- **Given information**:
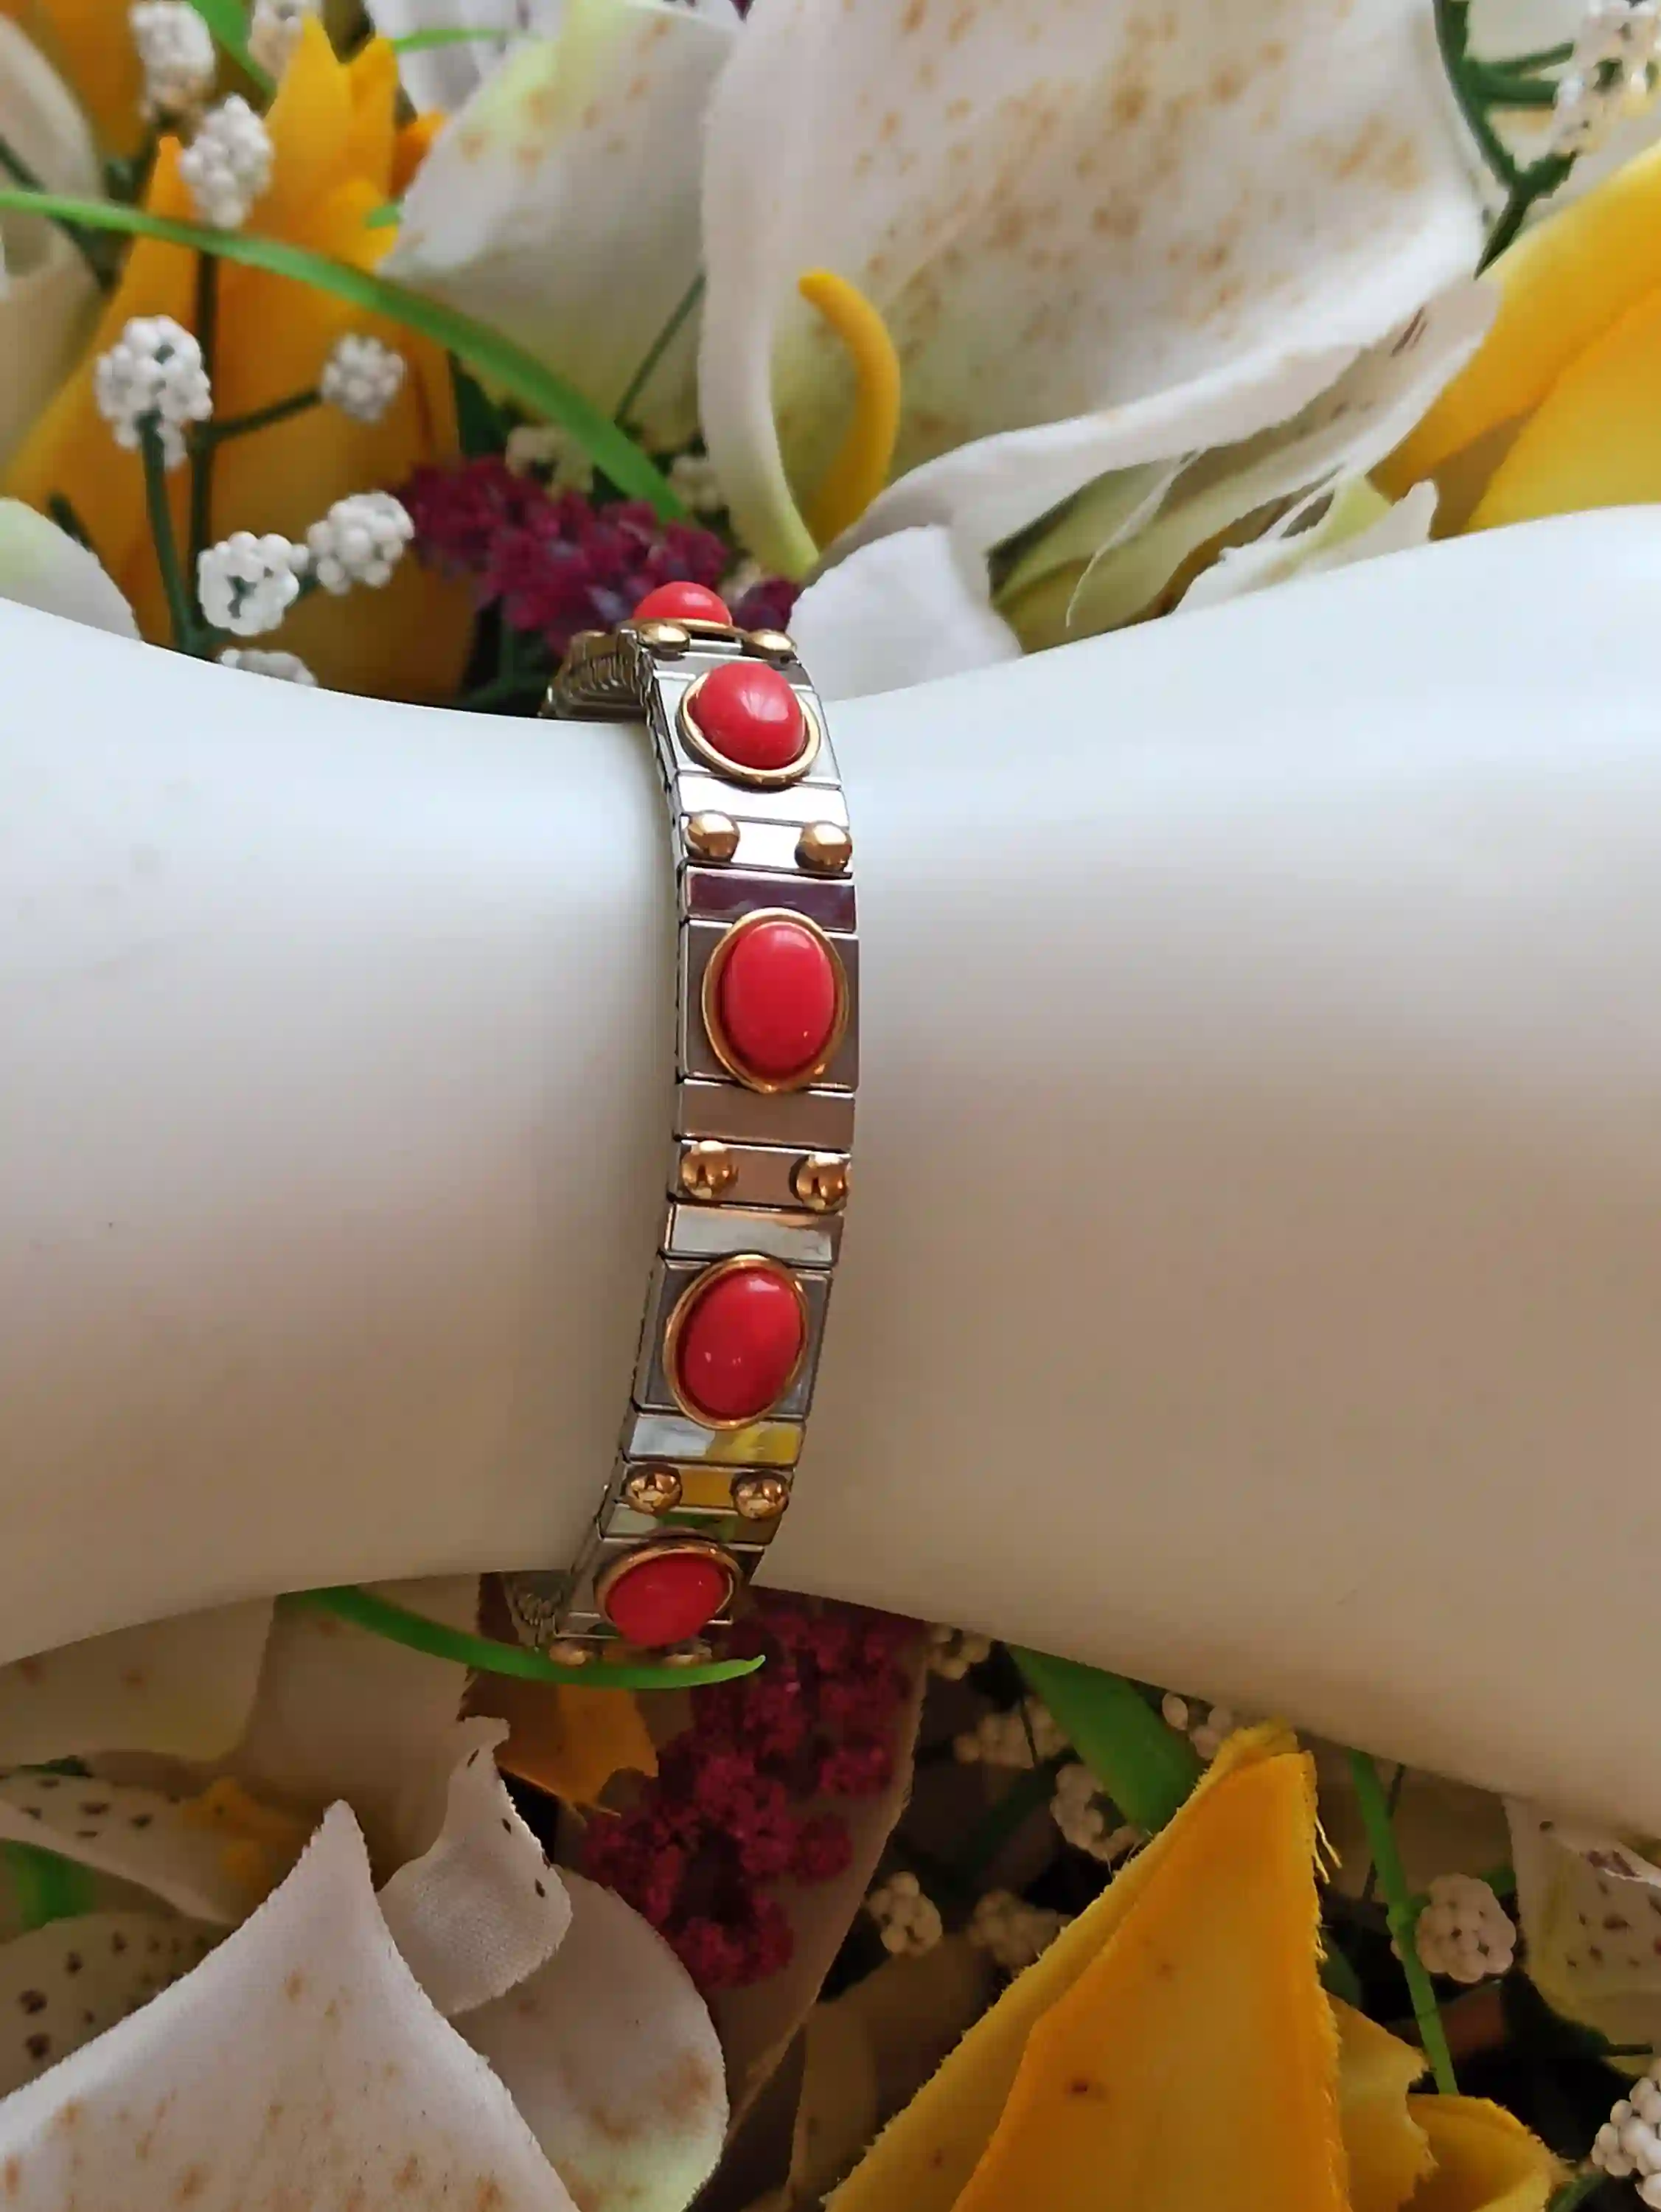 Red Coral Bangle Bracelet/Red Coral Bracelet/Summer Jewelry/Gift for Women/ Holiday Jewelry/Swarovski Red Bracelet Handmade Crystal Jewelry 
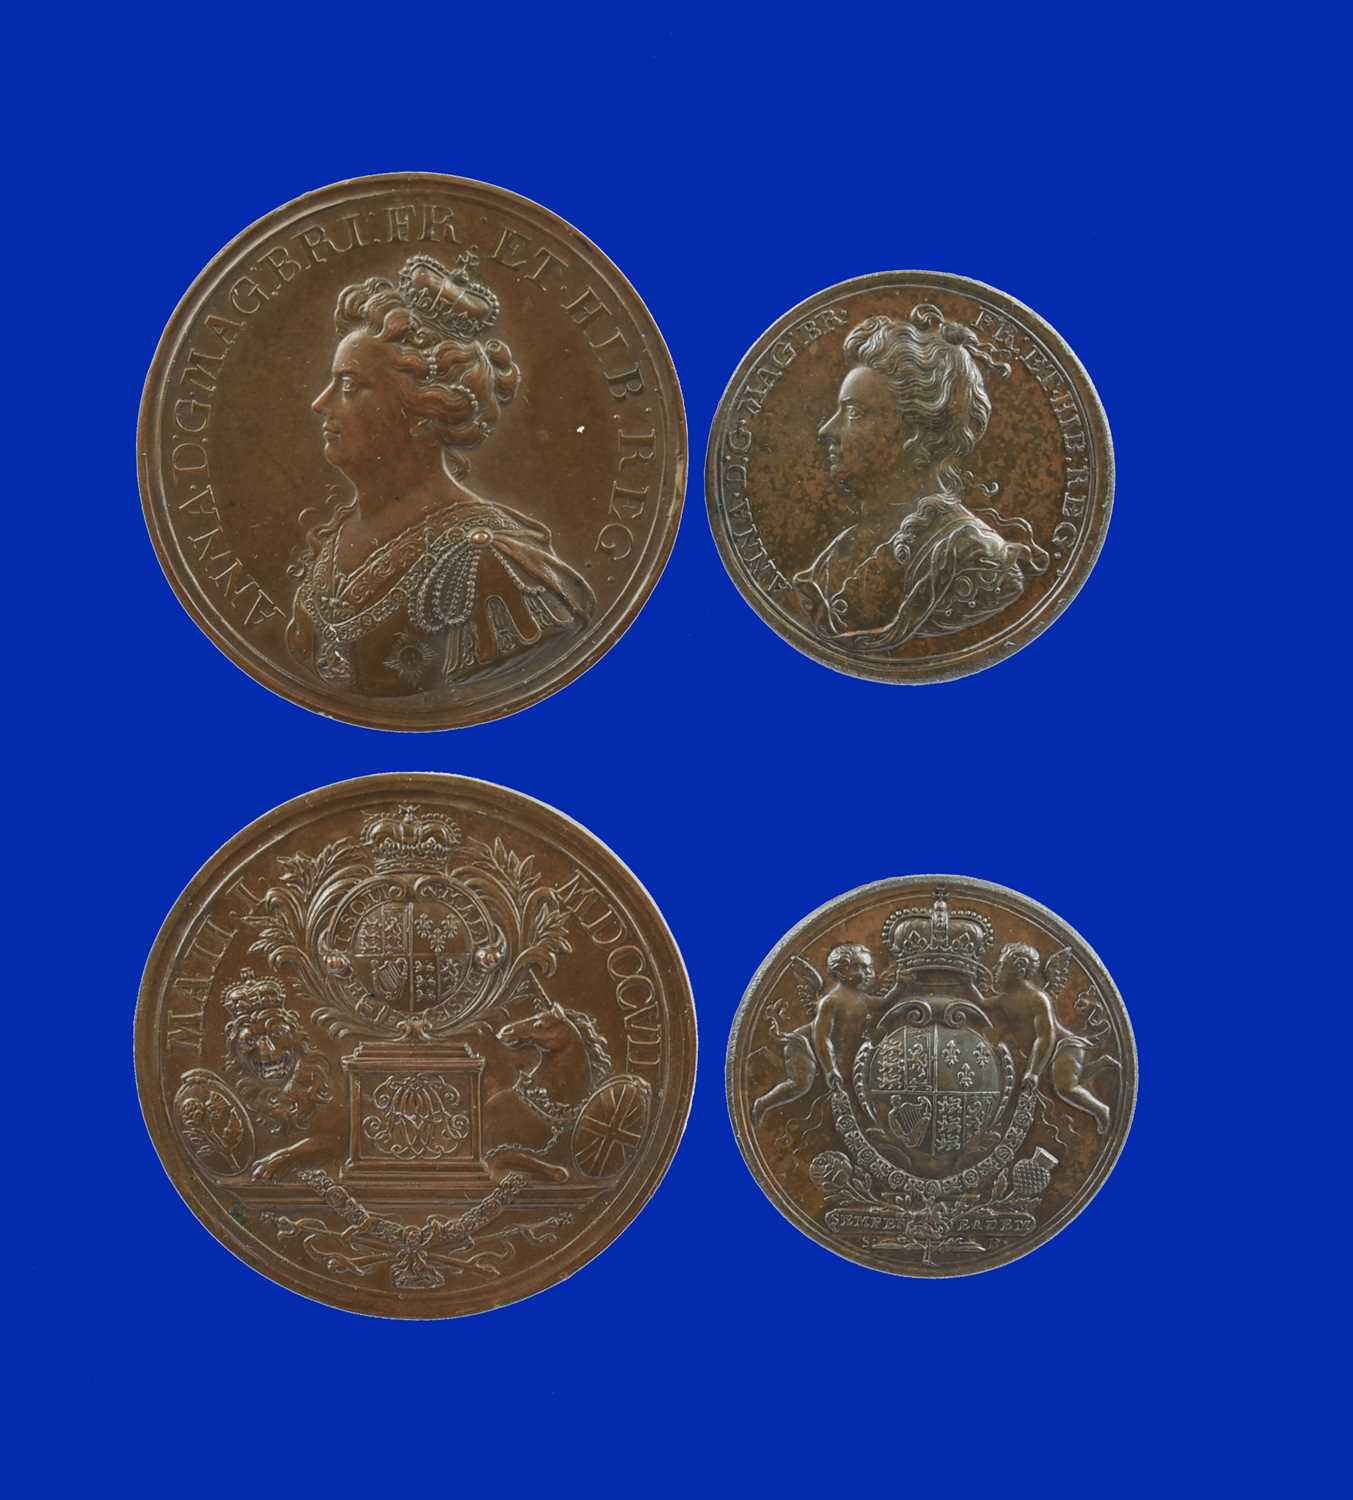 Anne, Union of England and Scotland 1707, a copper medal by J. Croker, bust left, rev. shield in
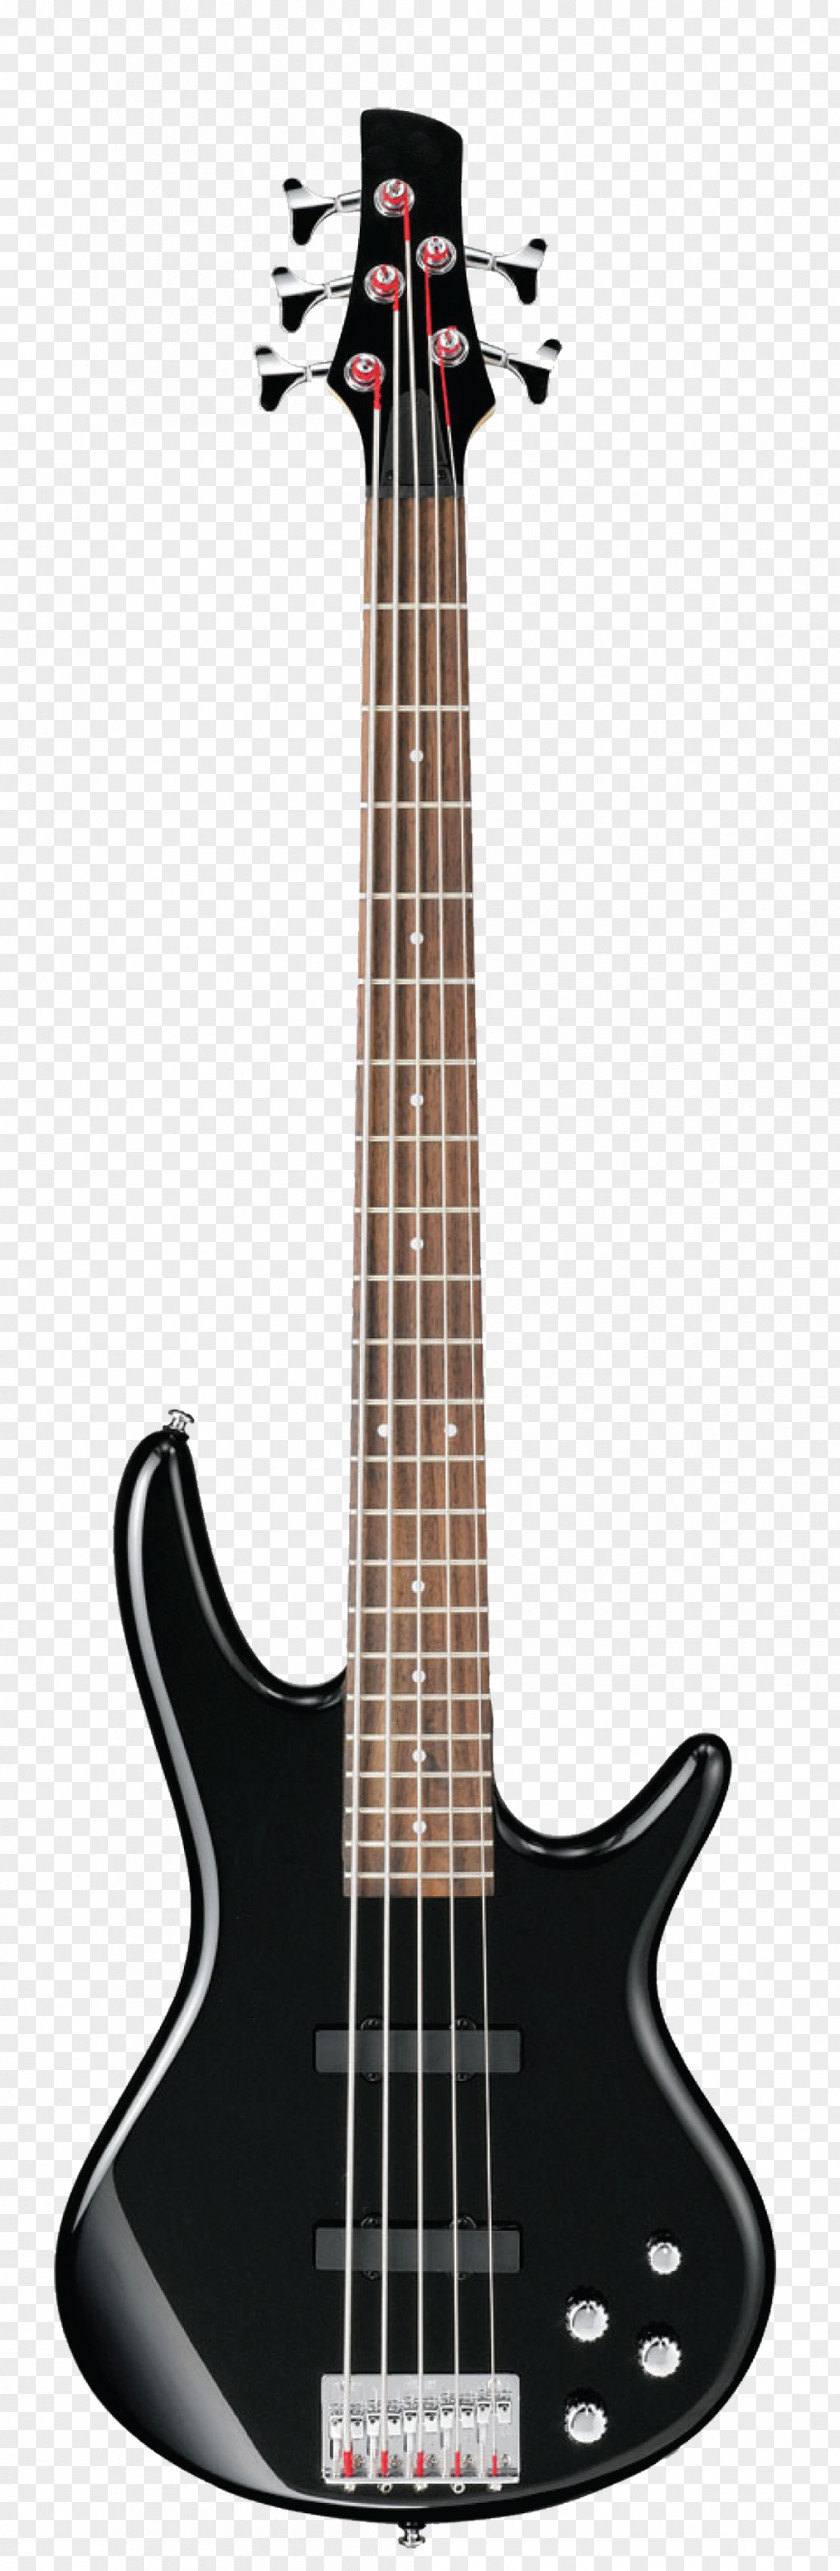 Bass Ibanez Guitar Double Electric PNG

- **Description of the task**: Take the lines from the one holding "Anne, Union of" through the final line of the listing above and copy them exactly, both ends included, with no pictures.

- **Solution below**:
 Anne, Union of England and Scotland 1707, a copper medal by J. Croker, bust left, rev. shield in
 Bass Ibanez Guitar Double Electric PNG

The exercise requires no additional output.